Hormone therapy is designed to alter hormone production in the body so that cancer cells stop growing or
are killed completely. Breast cancer hormone therapies often focus on reducing estrogen levels (a
common drug for this is tamoxifen) and prostate cancer hormone therapies often focus on reducing
testosterone levels. In addition, some leukemia and lymphoma cases can be treated with the hormone
cortisone.
Gene therapy
The goal of gene therapy is to replace damaged genes with ones that work to address a root cause of
cancer: damage to DNA. For example, researchers are trying to replace the damaged gene that signals
cells to stop dividing (the p53 gene) with a copy of a working gene. Other gene-based therapies focus on
further damaging cancer cell DNA to the point where the cell commits suicide. Gene therapy is a very
young field and has not yet resulted in any successful treatments.

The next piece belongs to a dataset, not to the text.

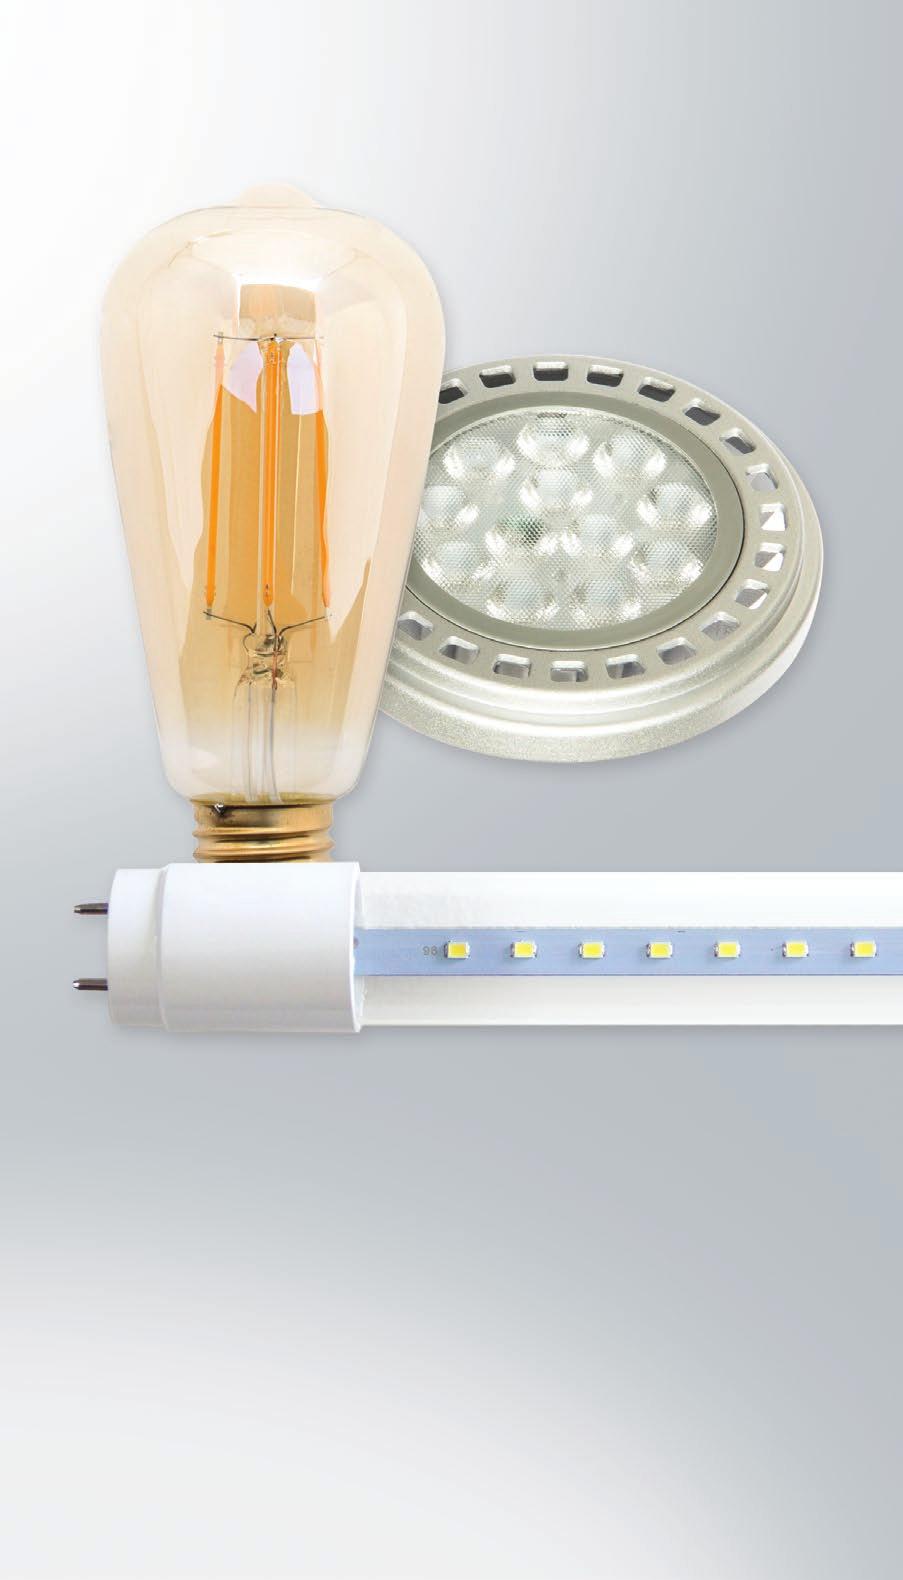 CATÁLOGO 2018 V 1.0 Con nuestras lámparas retrofit de tecnología LED podrás ahorrar hasta un 90% en tu consumo. Se encuentran disponibles en un amplia gama de bases, potencias y formatos.
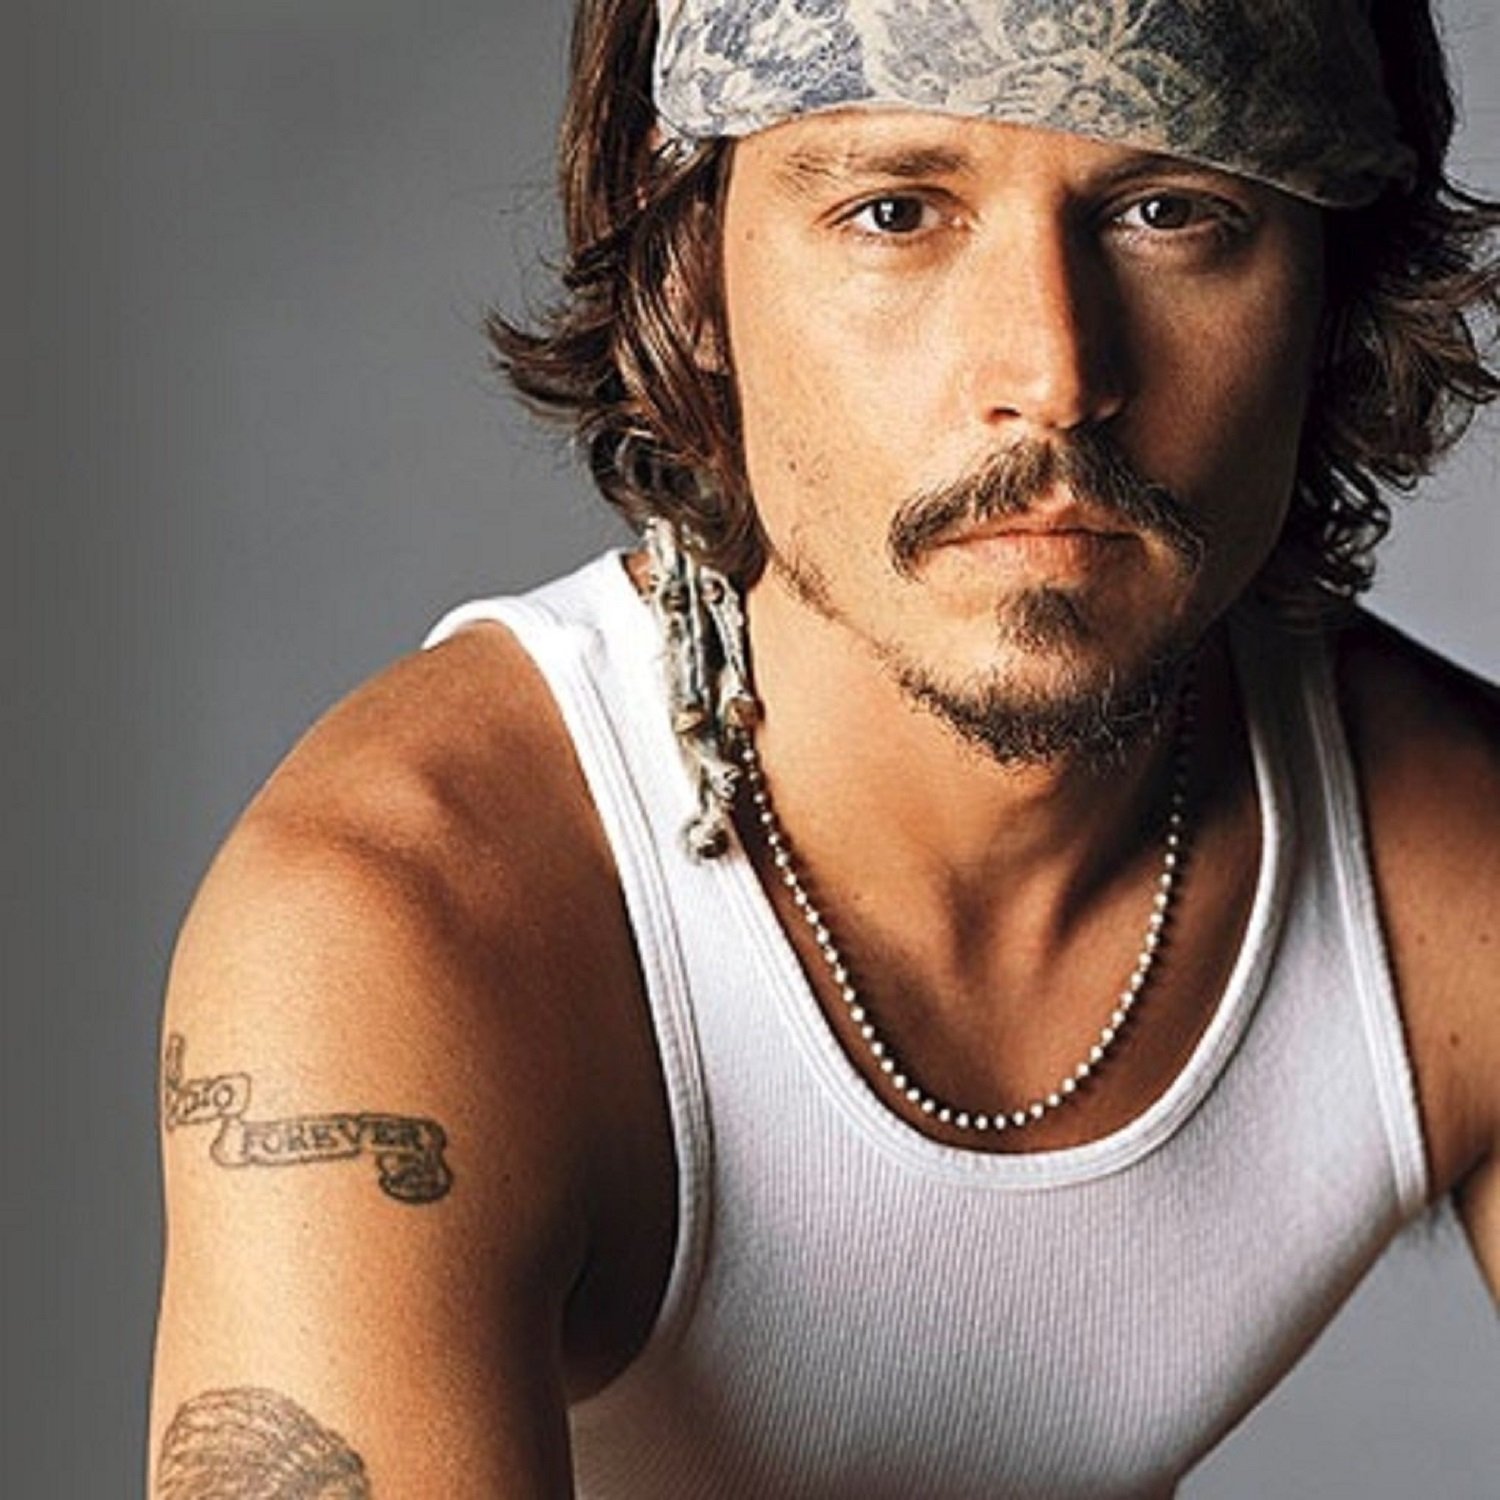 Si te encuentras a Johnny Depp paseando por el barrio de Gràcia, sí, es él

How can cancer be prevented?
Cancers that are closely linked to certain behaviors are the easiest to prevent. For example, choosing not
to smoke tobacco or drink alcohol significantly lower the risk of several types of cancer - most notably
lung, throat, mouth, and liver cancer. Even if you are a current tobacco user, quitting can still greatly
reduce your chances of getting cancer.
Skin cancer can be prevented by staying in the shade, protecting yourself with a hat and shirt when in the
sun, and using sunscreen. Diet is also an important part of cancer prevention since what we eat has been
linked to the disease. Physicians recommend diets that are low in fat and rich in fresh fruits and
vegetables and whole grains.
Certain vaccinations have been associated with the prevention of some cancers. For example, many
women receive a vaccination for the human papillomavirus because of the virus's relationship with
cervical cancer. Hepatitis B vaccines prevent the hepatitis B virus, which can cause liver cancer.
Some cancer prevention is based on systematic screening in order to detect small irregularities or tumors
as early as possible even if there are no clear symptoms present. Breast self-examination, mammograms,
testicular self-examination, and Pap smears are common screening methods for various cancers.